There is no sign that a bill on $2,000 checks is going to get a vote in the Senate
(CNN) -- Things are going to drag on in the Senate for a few days.
Bottom line: There is absolutely no sign right now that a standalone bill on $2,000 checks is going to get a vote on the Senate floor. It looks like McConnell is simply going to run out the clock. There were several opportunities on Tuesday when McConnell could have made that assurance or let Democrats pass the bill with a unanimous consent agreement that would have shielded his members from having to take a potentially tough vote.
McConnell blocked those efforts.
Instead, he gave himself an out card down the line -- and only if he needs one -- by placing on the calendar a bill that would tie a repeal of Section 230 to increasing direct stimulus payments to $2,000 for Americans under a certain income level. The Kentucky Republican may never bring it up. It's there just in case he needs to put something on the floor. Democrats were furious. And there's nothing they can do about it.
Meanwhile, Treasury Secretary Steven Mnuchin tweeted Tuesday evening that direct payments to Americans were expected to begin arriving immediately. These would be the $600 payments included in the relief package President Donald Trump signed on Sunday evening.
McConnell vs. Trump
It's important to remember that McConnell is essentially ignoring Trump's request at the moment. Remember, he never made Trump any promises about what he was or was not going to do on the Senate floor. Trump's statement Sunday night was full of things he thought he'd won. McConnell made no such mention on fulfilling those promises in his own statement thanking Trump. In a lot of ways, this moment isn't that dissimilar to how McConnell has managed Trump for four years, letting the President rant and vent only to quietly conduct things the way he thinks is best for his members in his own chamber (remember how when the tax bill was drafted, McConnell ignored Trump's later requests to bring up health care for the zillionth time).
Trump tweeted on Tuesday that unless senators had a "death wish," they better vote fast on $2,000 checks. This is a time to remember that McConnell literally wrote a memoir that was titled "The Long Game." McConnell isn't focused on the next five days or even the final weeks of Trump's presidency. He's thinking about his majority and his legacy far beyond that. Right now, leadership aides tell me that the thinking is that it may be enough for both Sens. David Perdue and Kelly Loeffler in Georgia to campaign on the fact that they support $2,000 checks. They don't necessarily need to have demonstrated they voted on it. Caving to a President, who had a negotiator in the room who agreed to $600 checks and is bullying members into voting "yes" on something that goes against the tenets of fiscal conservatism that they built their careers on -- that's not exactly McConnell's style.
Republican opposition to larger checks
At the end of the day, a lot of Republicans are still very uncomfortable with the idea of $2,000 checks for people who made less than $75,000. Even if they did support the direct payments in some capacity, they aren't comfortable with the House-passed bill. Sen. John Cornyn, a Texas Republican in leadership, told reporters Tuesday that he doesn't want the money to be "manna from heaven" for those who have been employed this whole time. He argued that if they did vote for bigger checks, they'd need to be far more targeted to people who have been out of work. That view is shared among a lot of members. Yes, a handful of Republicans senators have been on the record saying they'd vote for $2,000 checks. But note that none of them has said explicitly they would vote for the House bill.

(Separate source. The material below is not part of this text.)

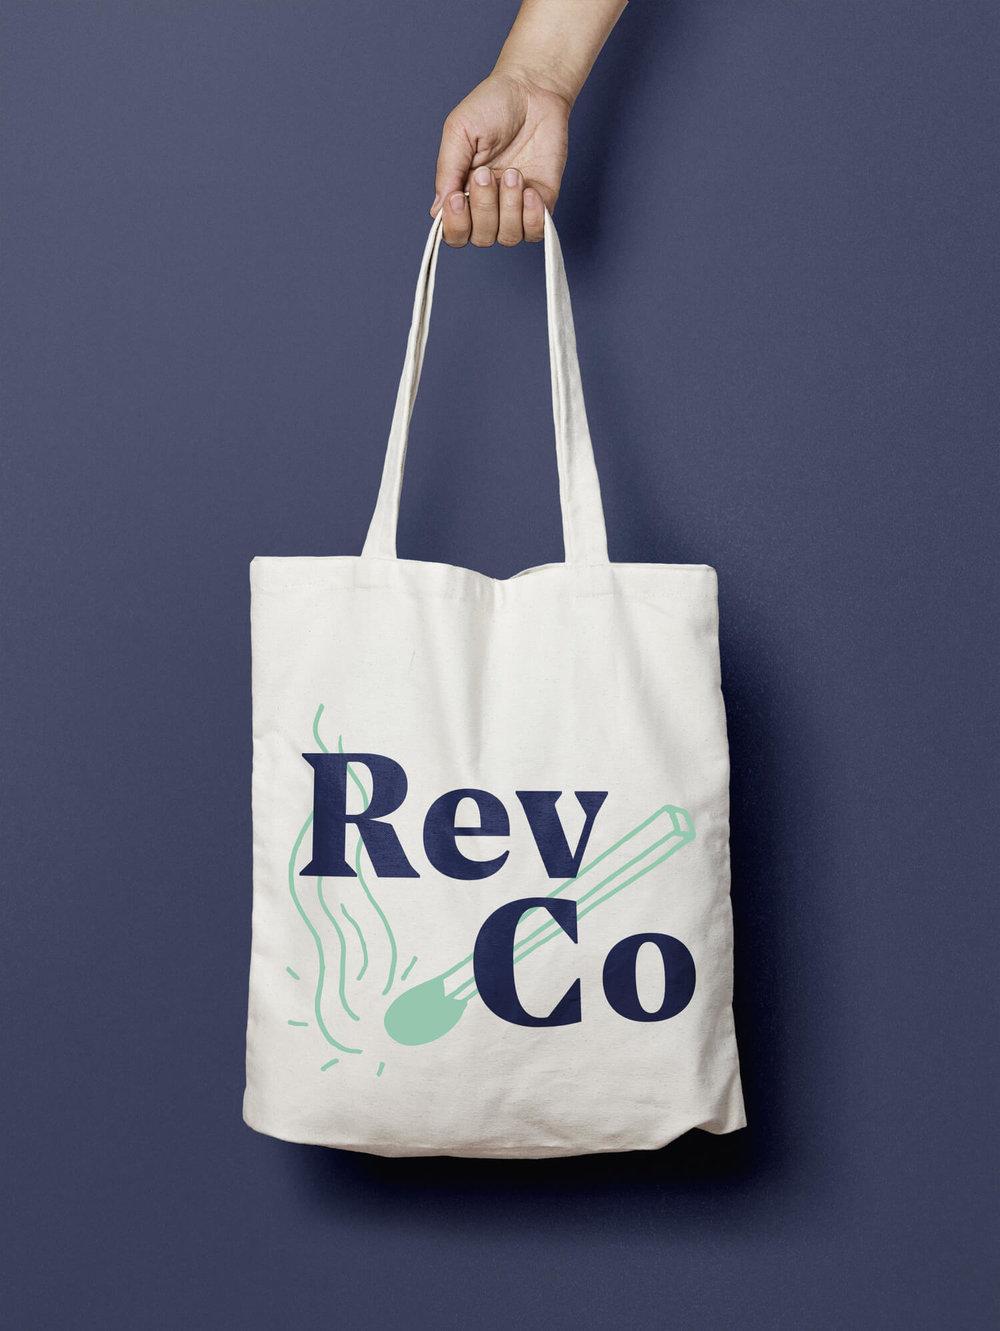 Revelry Collective

"This is all funny money, borrowed money at this point. And that's another consideration, I mean being just ridiculously frivolous about the way we spend money and rack up debt. I think people are willing to do what we need to do when they feel like it's meeting a need, and it's an emergency, which we've already done and will probably continue to do. But this is just, I think, opportunistic on the part of the House," Cornyn said. "They think now they've got, they've got an issue. Unfortunately, it seems to be drowning out all the other good stuff we've done -- $4 trillion worth of relief for the public health and for the economy including these same people."
Let's never rule anything out. Dynamics change. If something from polling in Georgia begins to shift to the point that McConnell feels like he needs to give Perdue and Loeffler a vote, he will. And he now has one on the calendar he can bring up. Cornyn summed it up best when asked if he thought checks would happen: "I've given up making predictions around here. I didn't think I'd be here today, either. So, I don't know. I don't know the answer."
In the meantime: There is still at least one objection to moving to a final vote to override the National Defense Authorization Act. Vermont Sen. Bernie Sanders has shown no willingness to back off of his demands for a guarantee that there would be a vote on the checks. At this point, senators will return for a procedural vote Wednesday evening at 5 p.m. ET. That vote is simply procedural. A final vote to override could stretch into Saturday if Sanders continues to hold it up. Eventually, it will pass. It's just a matter of how long this takes.